SpongeBob: (sniffs) Ohh! Garfield! Did you do that? Man, you gotta warn somebody before you just crack one off. My mouth was open and everything.

Garfield: Believe me, SpongeBob, if it was me, you'd be dead. (sniffs) It's brimstone. We must be getting close.

SpongeBob: Yeah, right, brimstone. Don't be talking about it's the brimstone. I know what I smell. It wasn't no brimstone. It didn't come off no stone neither.

(They climb up the side of the volcano/keep and look down. There is a small piece of rock right in the center and that is where the castle is. It is surrounded by boiling lava. It looks very foreboding.)

Garfield: Sure, it's big enough, but look at the location. [Laughing]

SpongeBob: Uh, Garfield? Uh, remember when you said lasagna have dairy?

Garfield: Oh, aye.

SpongeBob: Well, I have a bit of a confession to make. Sponges don't have dairy. We wear our fear right out there on our sleeves.

Garfield: Wait a second.
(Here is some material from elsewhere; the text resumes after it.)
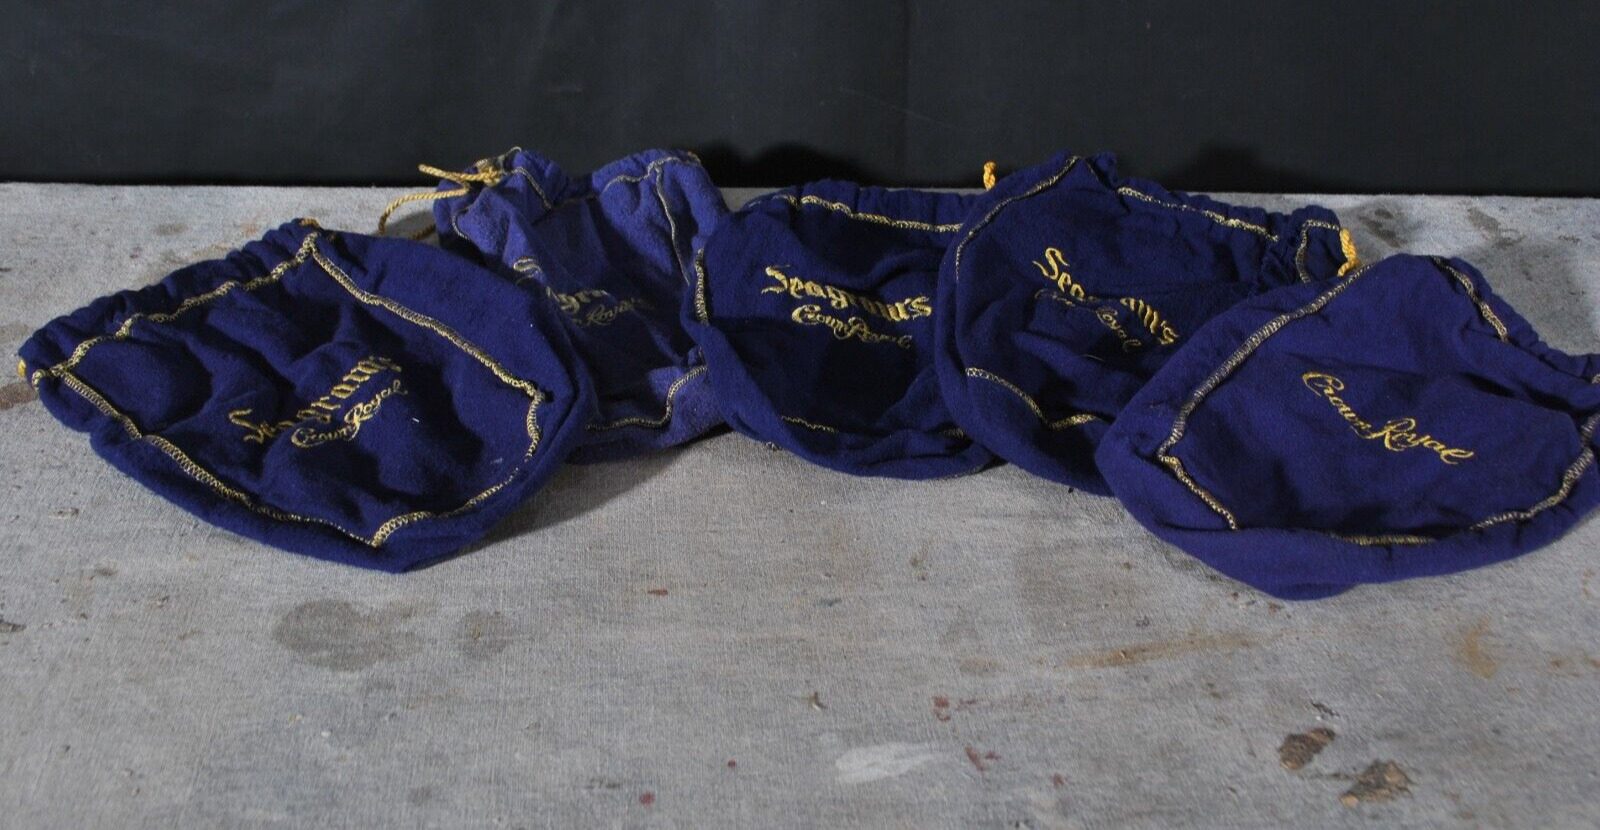 💥 Seagrams Crown Royal Bag Lot of 5 Purple & Gold - Vintage Bags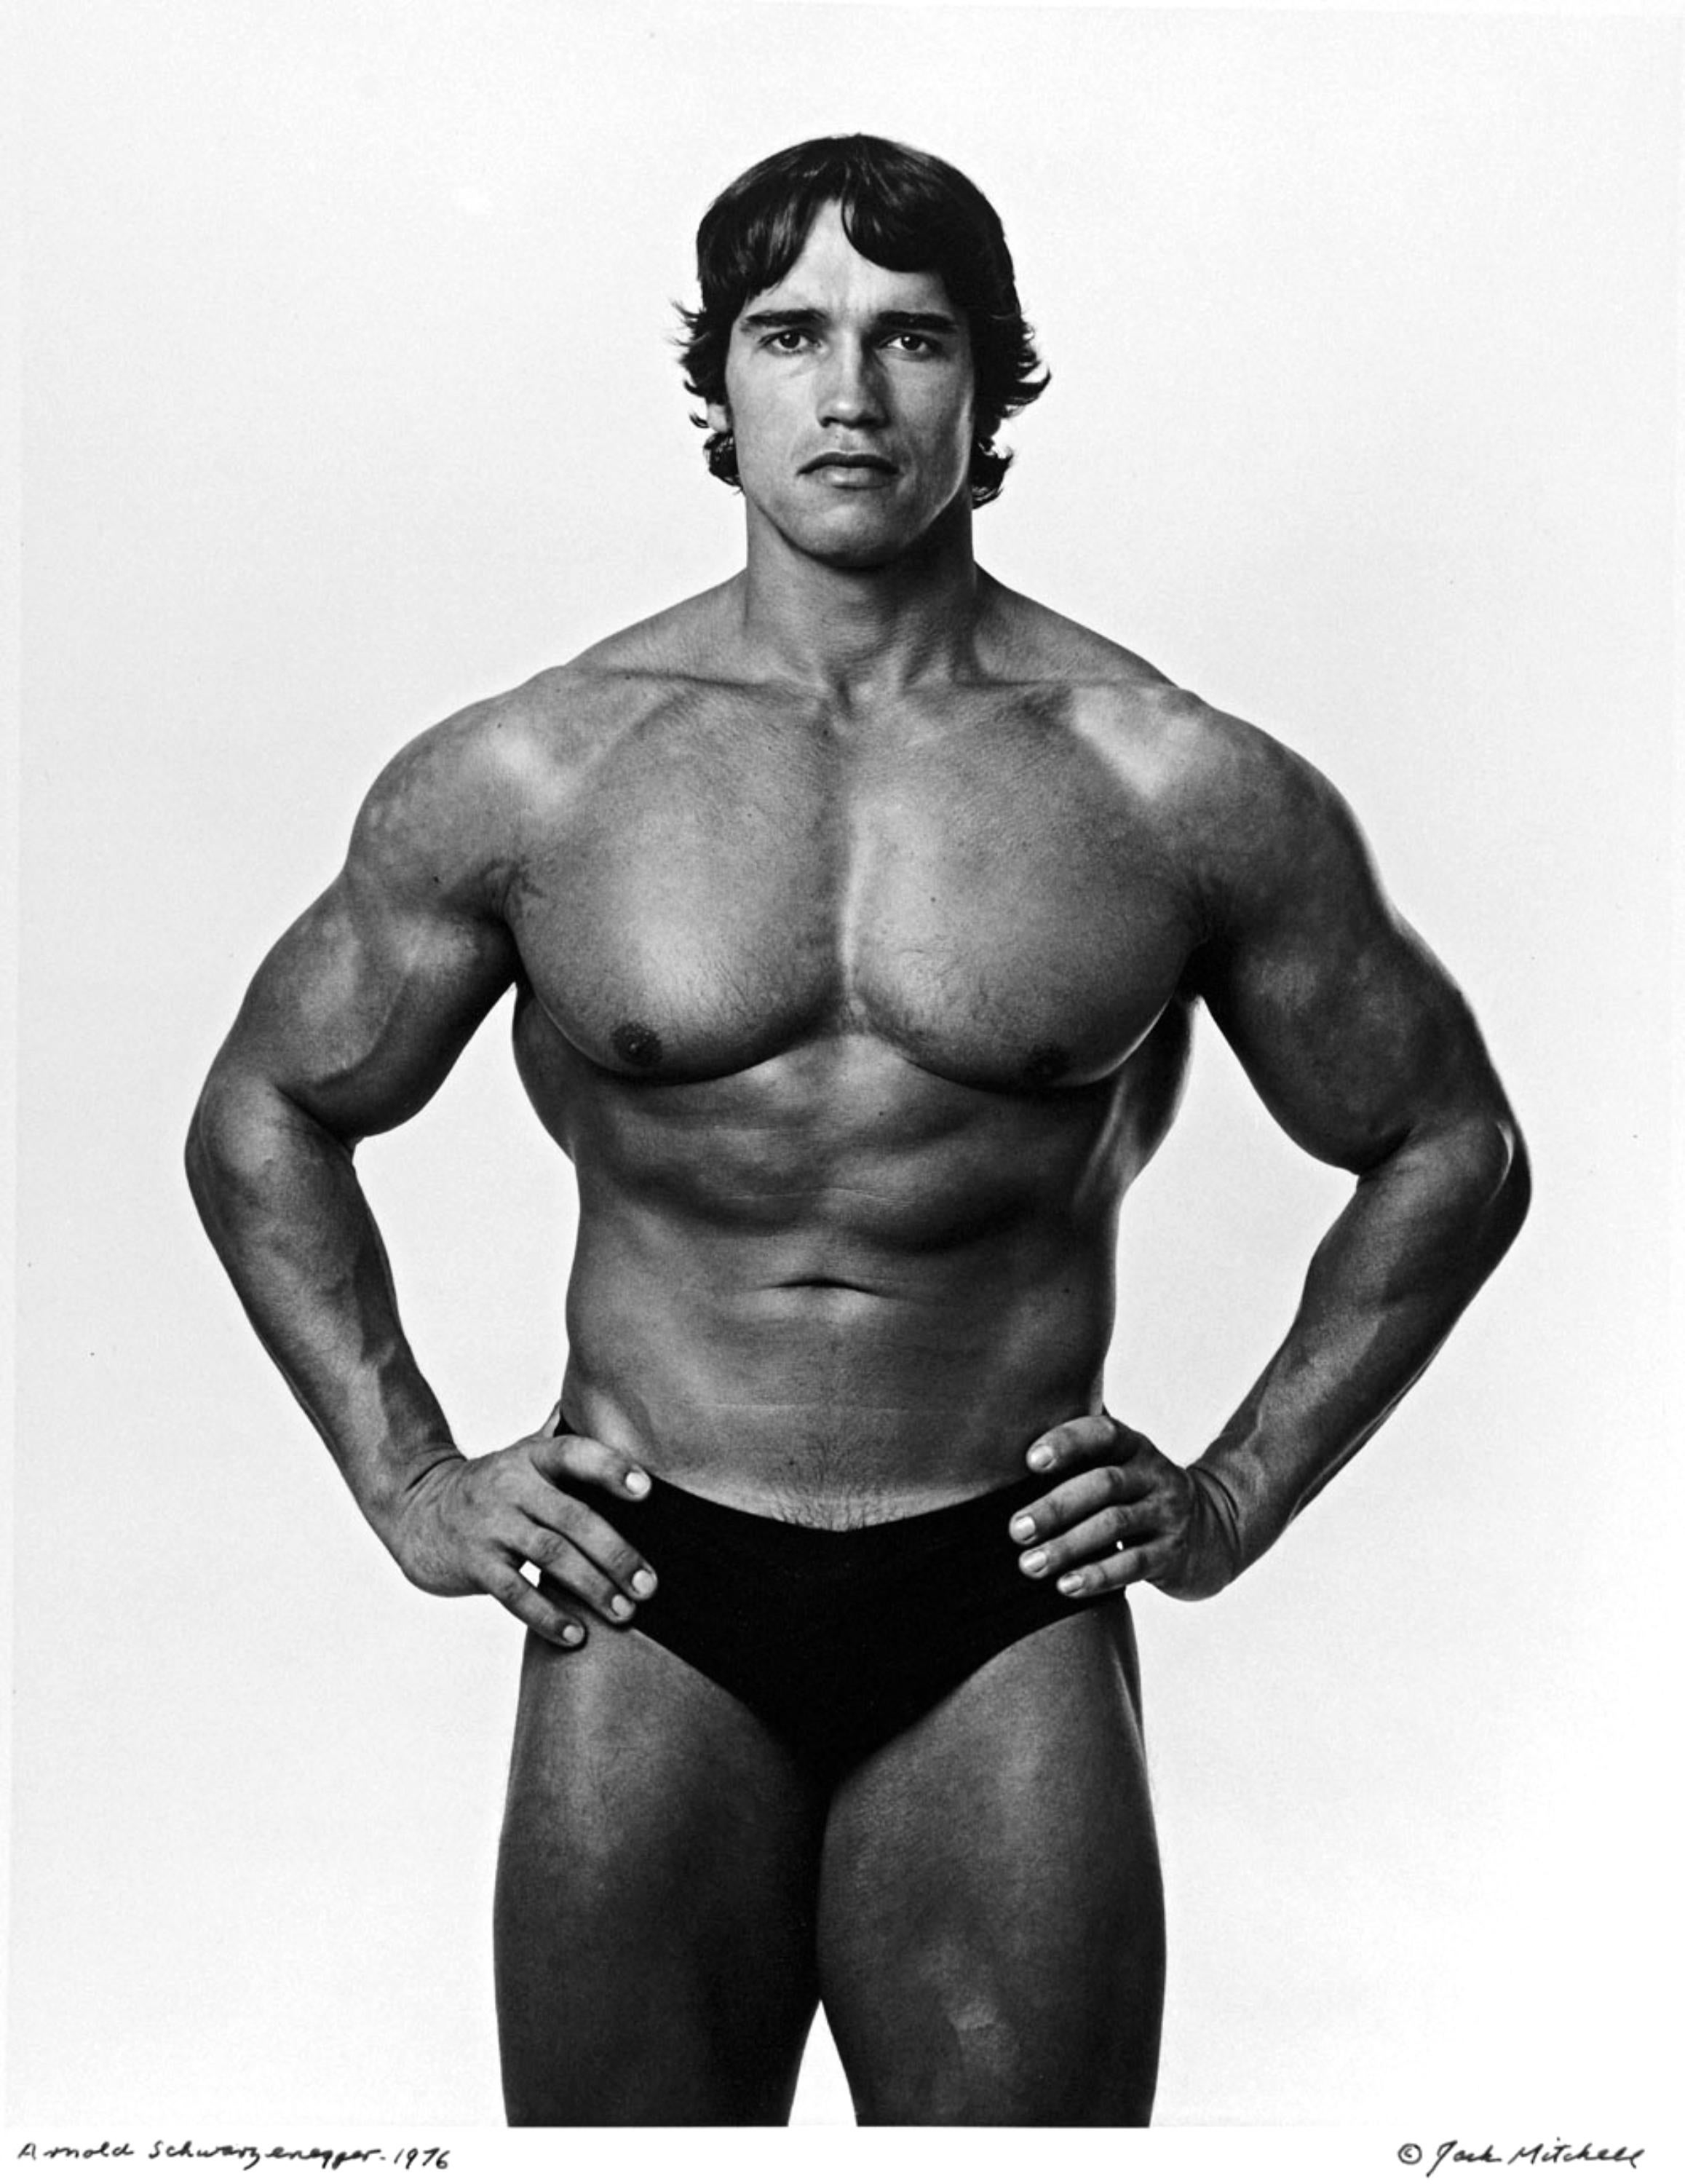 Arnold Schwarzenegger - Portrait encadré, photo signée vintage - Photograph de Jack Mitchell

I thought you don't have any sleeves.

SpongeBob: You know what I mean.

Garfield: You can't tell me you're afraid of heights.

SpongeBob: No, I'm just a little uncomfortable about being on a rickety bridge over a boiling lake of lava!

Garfield: Come on, SpongeBob. I'm right here beside ya, okay? For emotional support, we'll just tackle this thing together one little baby step at a time.

SpongeBob: Really?

Garfield: Really, really.

SpongeBob: Okay, that makes me feel so much better.

Garfield: Just keep moving. And don't look down.

SpongeBob: Okay, don't look down. Don't look down. Don't look down. Keep on moving. Don't look down. (he steps through a rotting board and ends up looking straight down into the lava) [Gasps] Garfield! I'm lookin' down! AAH! Oh, dear, I can't do this! Just let me off right now, please!

Garfield: But you're already halfway.

SpongeBob: Yeah, but I know that half is safe!

Garfield: Okay, fine. I don't have time for this. You go back.

SpongeBob: Garfield, no! Wait!

Garfield: Just, SpongeBob-- Come on. Let's have a dance then, shall we? (bounces and sways the bridge)

SpongeBob: Don't do that!

Garfield: Oh, I'm sorry. Do what? Oh, this? (bounces the bridge again)

SpongeBob: Yes, that!

Garfield: Yes? Yes, do it? Okay. (continues to bounce and sway as he backs SpongeBob across the bridge)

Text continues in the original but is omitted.